# [REQUIRED WORK]
When you reproduce the data, keep every word exactly as it stands and leave the pictures out.

# [DATA SEGMENT]
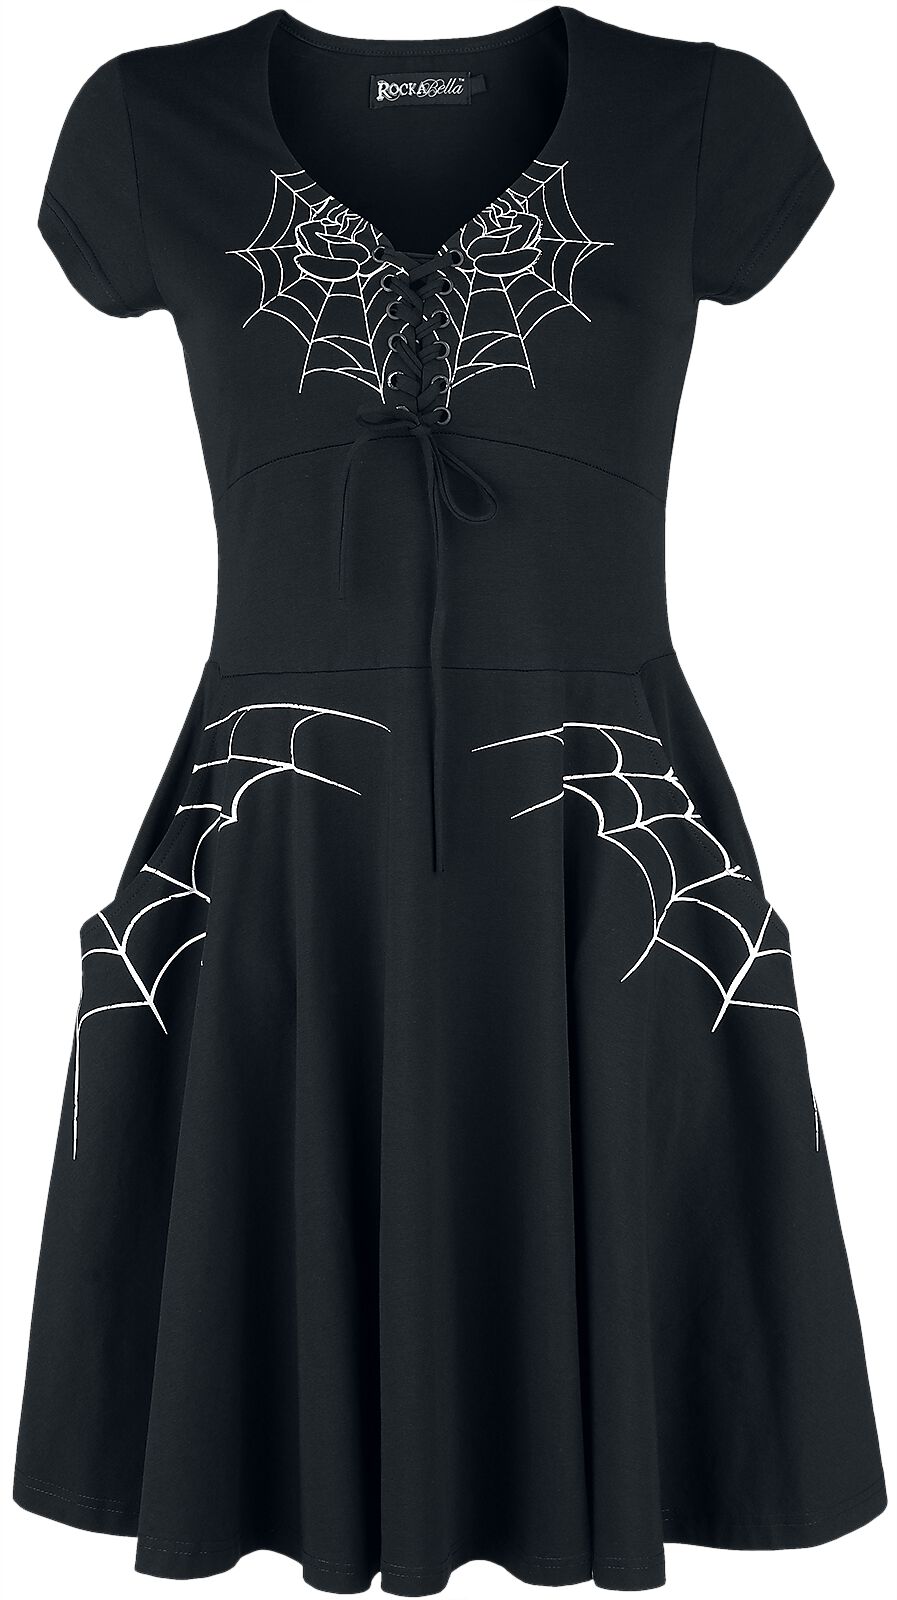 Rockabella Black Widow Dress Kurzes Kleid schwarz weiß in S
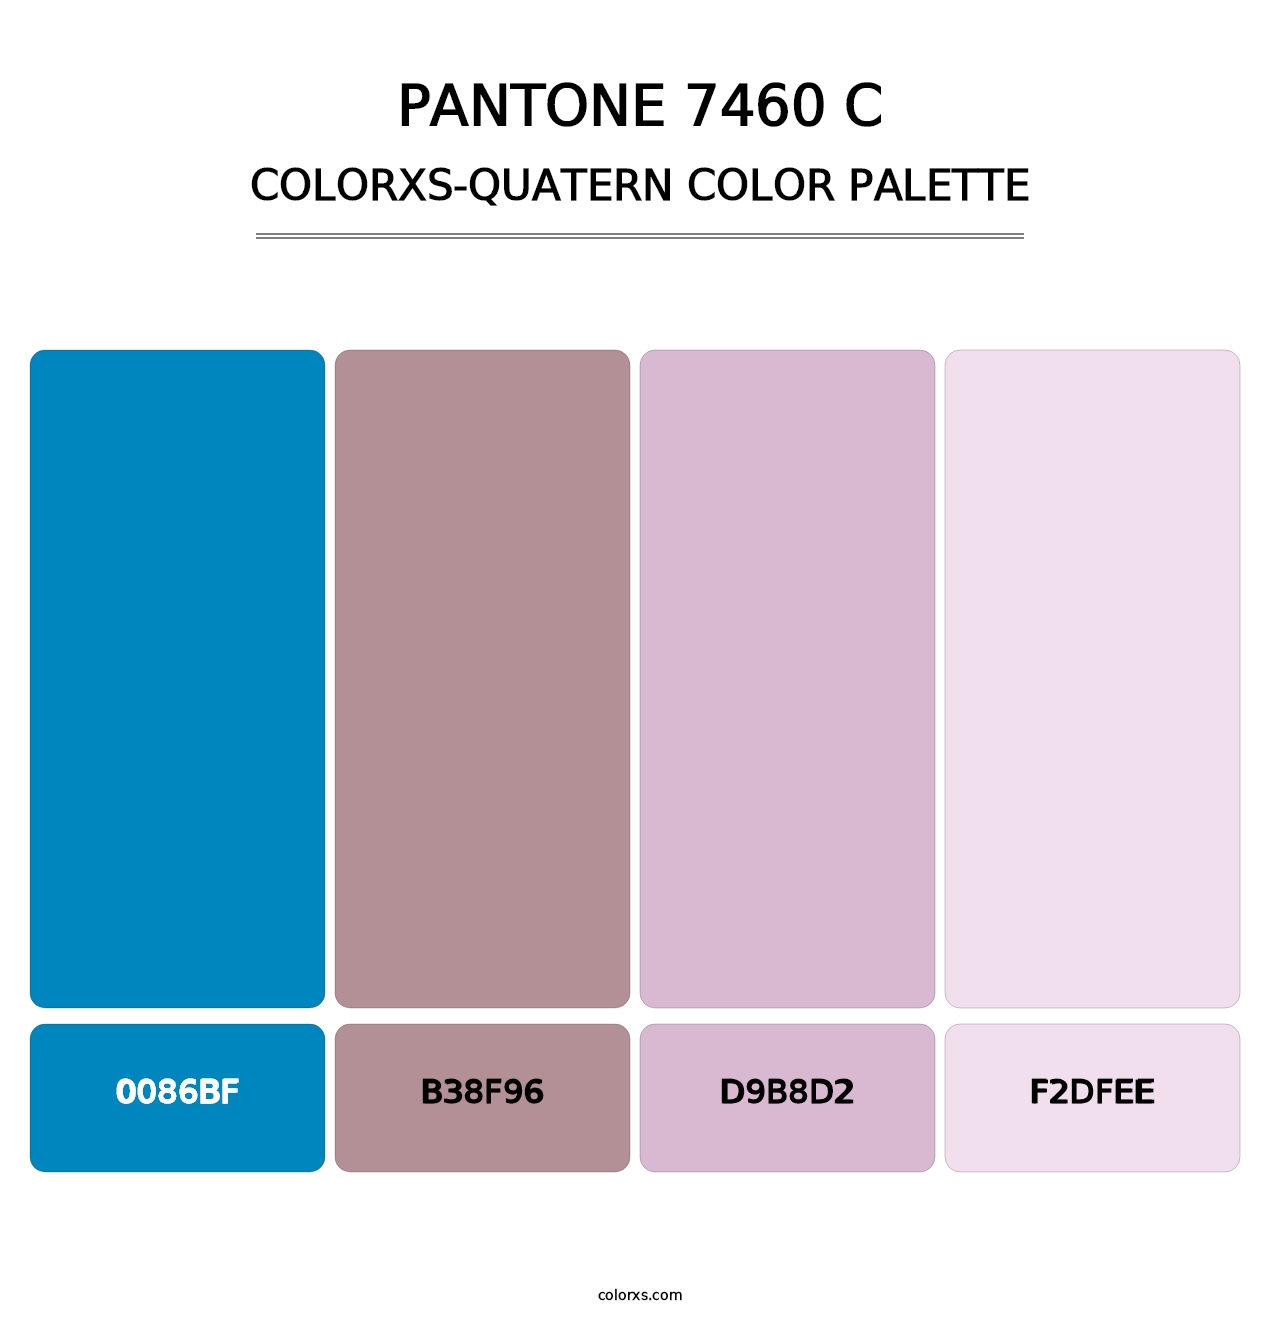 PANTONE 7460 C - Colorxs Quatern Palette
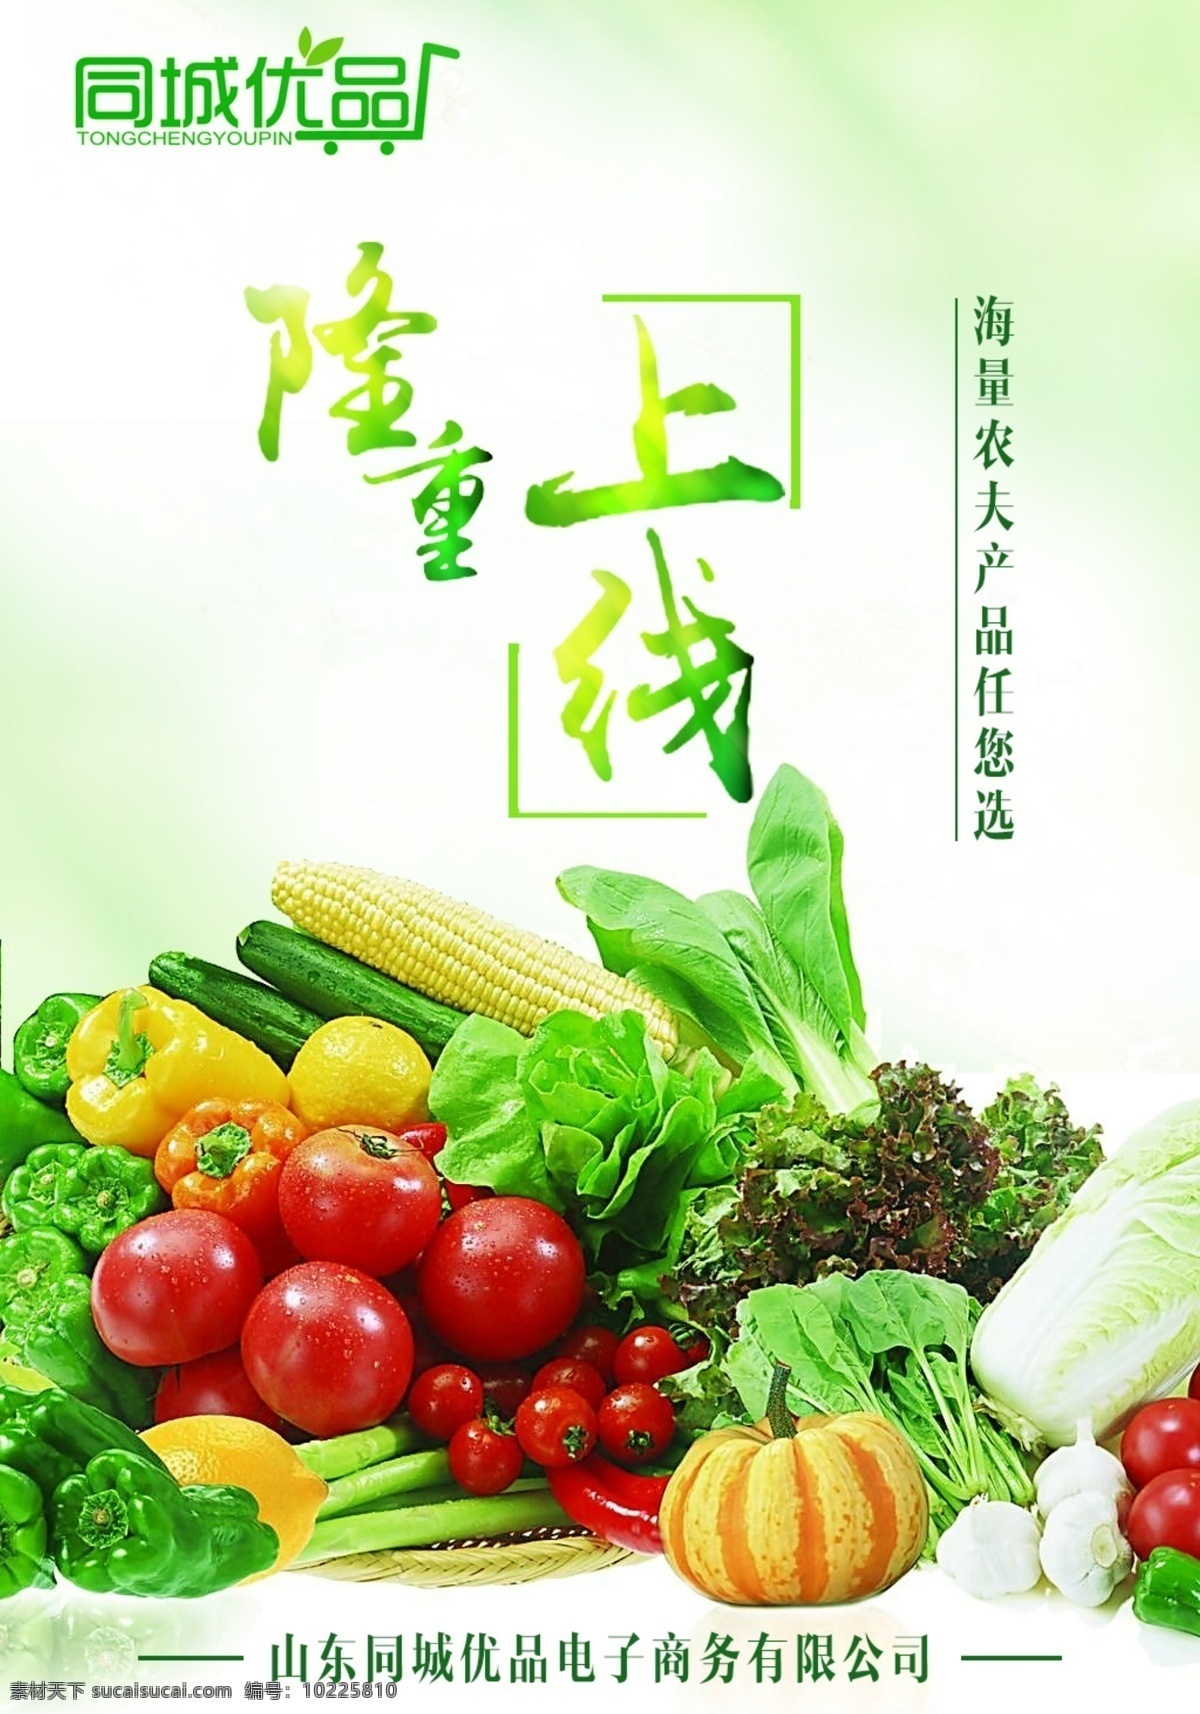 农副产品海报 果蔬 电商促销 新品上市 农副产品 生鲜

# [RESULT FOR THIS TASK]
 Rockabella Black Widow Dress Kurzes Kleid schwarz weiß in S
 PANTONE 7460 C - Colorxs Quatern Palette
 农副产品海报 果蔬 电商促销 新品上市 农副产品 生鲜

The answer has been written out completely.